Es ist ein achtbarer Erfolg für eine ehemalige Leistungssportlerin und heutige Journalistin, ein solches Buch zu verfassen. Sie deckt ein beeindruckendes Spektrum von Themen rund um die chinesische Frau von heute ab. Dennoch, als geübter Leser kann man ihre Begrenzungen durchaus entdecken. Vielleicht war die Kombination einfach nicht glücklich: gerade eine Niederländerin (ein Land, das für seine intellektuelle Offenheit bekannt ist), und noch dazu eine ehemalige Sportlerin… und als Reisebegleitung erwählt sie sich für dieses Buch ausgerechnet eine verhuscht wirkende Chinesin, ebenfalls eine Frau also, die in einer Vielzahl von Fällen bei persönlichen Fragen ausweichend antwortet.

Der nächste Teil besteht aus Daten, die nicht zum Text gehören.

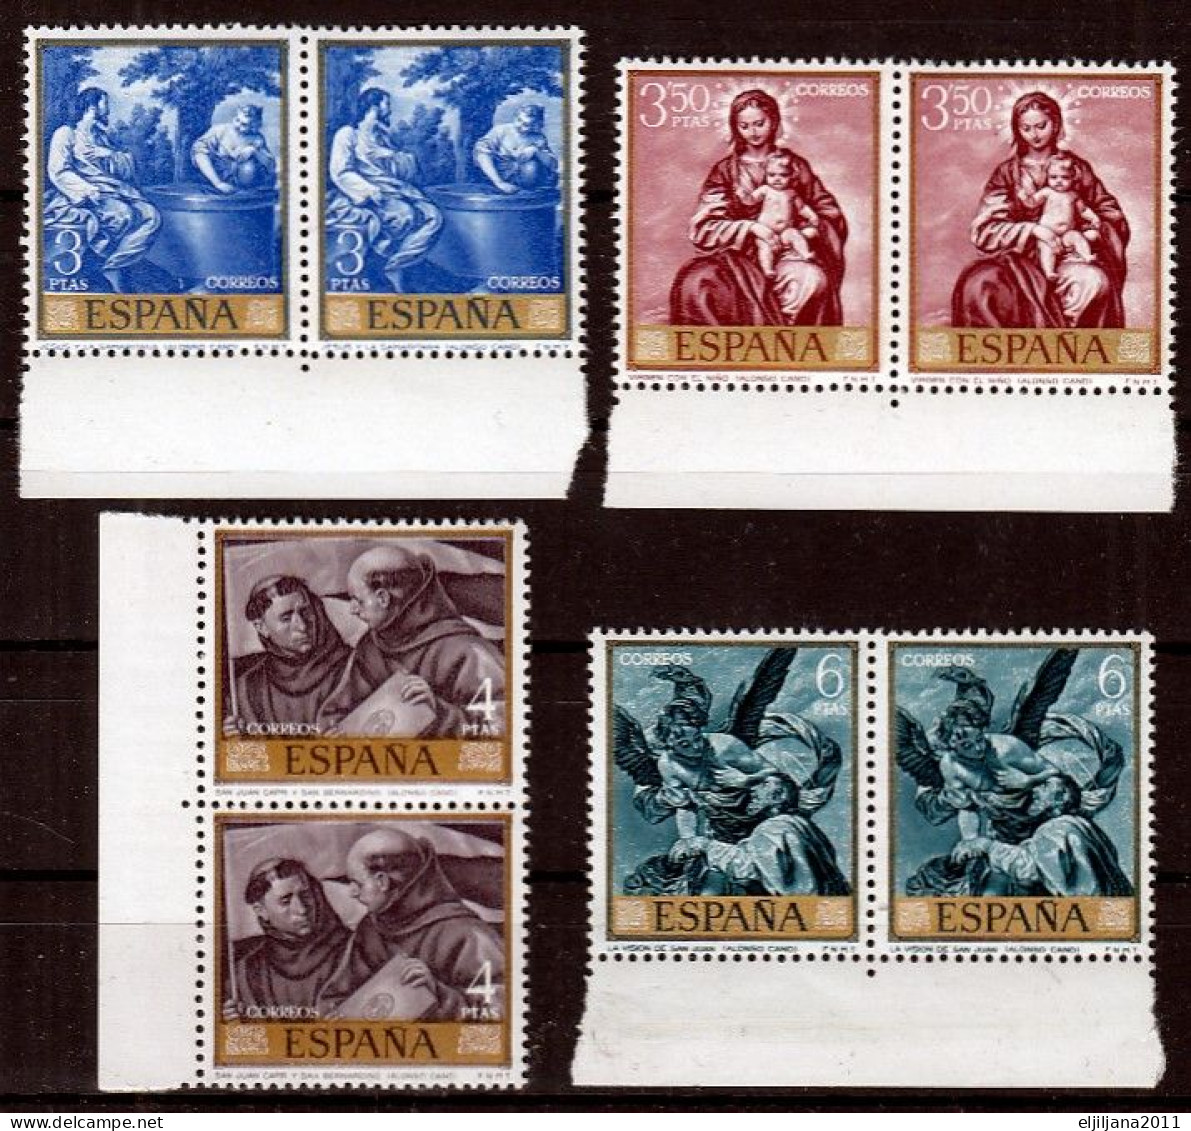 ⁕ SPAIN / ESPANA 1969 ⁕ Alonso Cano (stamp Day) Art Painting Gemalde Mi.1796-1805 X2 ⁕ MNH - Ungebraucht

Betrachten wir die Vorgeschichte des Buches und seine Rahmenbedingungen. Bettine Vriesekoop hat eine mehr als 30jährige „Geschichte“, die sie mit China verbindet. So weit, so gut. Aber sie selbst bestätigt in ihrem Vorwort, dass eine entscheidende Initialzündung zum Schreiben dieses Buches von einer Gastprofessur ausging – für die man keinerlei akademische Vorkenntnisse benötigte! Sie diskutierte mit einer Handvoll niederländischer Studenten über die Rolle der Frau in China – und konnte sich dabei zumeist nur auf Quellen aus zweiter Hand stützen. Das ist das ganze Buch hindurch spürbar. Immer wieder zitiert sie niederländische Autoren, die angebliche Standardwerke zu China verfasst haben. Auch bezieht sie sich auf Beispiele aus der Populärkultur, wie Filme und Schauspieler, sowie zeitgenössische Belletristik. Und vergessen wir nicht: fast alle Interviews, die sie für dieses Buch geführt hat, haben in Peking stattgefunden – oder in anderen Großstädten. Aber Peking ist nicht China! Genauso wenig wie London England oder Paris Frankreich ist.

Nun möchte ich meine scheinbare Kritik revidieren. Das Buch ist insgesamt sehr gut lesbar; es verbindet auf harmonische Weise Information mit leisen Zweifeln. Man merkt eher unterschwellig, wie die Autorin bisweilen an der chinesischen Undurchdringlichkeit verzweifelt. Wie ich schon erwähnte, ist ihre Assistentin auf dieser Reise, die Chinesin Hu Ye, zwar freundlich, aber auch schwer greifbar. Eigentlich gibt sie nie eine direkte Antwort. Auch an manchen Interviewpartnerinnen merkt man, dass die Chinesen einfach – noch – nicht gewohnt sind, sich selbst zu hinterfragen. Oft brechen Gespräche an entscheidenden Stellen ab, oder Bettine verfolgt bestimmte Zweige nicht weiter. Ich kann mir gut vorstellen, wie schwierig das Unterfangen von vornherein gewesen sein muss: als große, blonde Ausländerin unterwegs mit einer eher konservativen Einheimischen…

Was das Buch sehr gut wiedergibt, ist die Gespaltenheit der Frauen, und ihre durch die verzwickte Historie bedingte Unerfahrenheit in manchen Themen. Es ist schon erschreckend, wie sehr die Politik ganze Generationen beeinflussen kann – und wie sehr gerade das chinesische Familienleben in Traditionen erstarrt. Sei es das Schönheitsideal (ich sage nur „gebundene Füße“), die Rollen von Mann und Frau, der Heiratsmarkt, die Landflucht, Ausbildung, Aufklärung… letztlich lässt sich fast alles in China auf historisch bedingte Umstände zurückführen. Ein solches Riesenreich musste man mit harter Hand regieren, um überhaupt ansatzweise so etwas wie Kontrolle zu haben; das ist mir schon klar.

Letztlich ist das Buch aber für mich eher ein Reisebericht; kein umfassendes Werk. Ich hätte mir mehr Hartnäckigkeit in manchen Fragen gewünscht. Auch waren es recht wenige Fotos – und auch nur in Schwarz-Weiß. Ich zweifle ganz einfach an der Repräsentativität mancher der interviewten Frauen. Das Stadt-Land-Gefälle ist meiner Meinung nach nicht genügend berücksichtigt worden.
Es wird wohl wie so oft am Geschmack des Lesers liegen; dennoch finde ich, dass es über das heutige China (und die Rolle der Frauen darin) bessere Bücher gibt. „Shanghai Tango“ von Jin Xing und „Im Garten des Drachen“ von Colin Thubron fallen mir da ein. Empfehlen würde ich Bettine Vriesekoops Buch nur im Rahmen weiterführender Lektüre.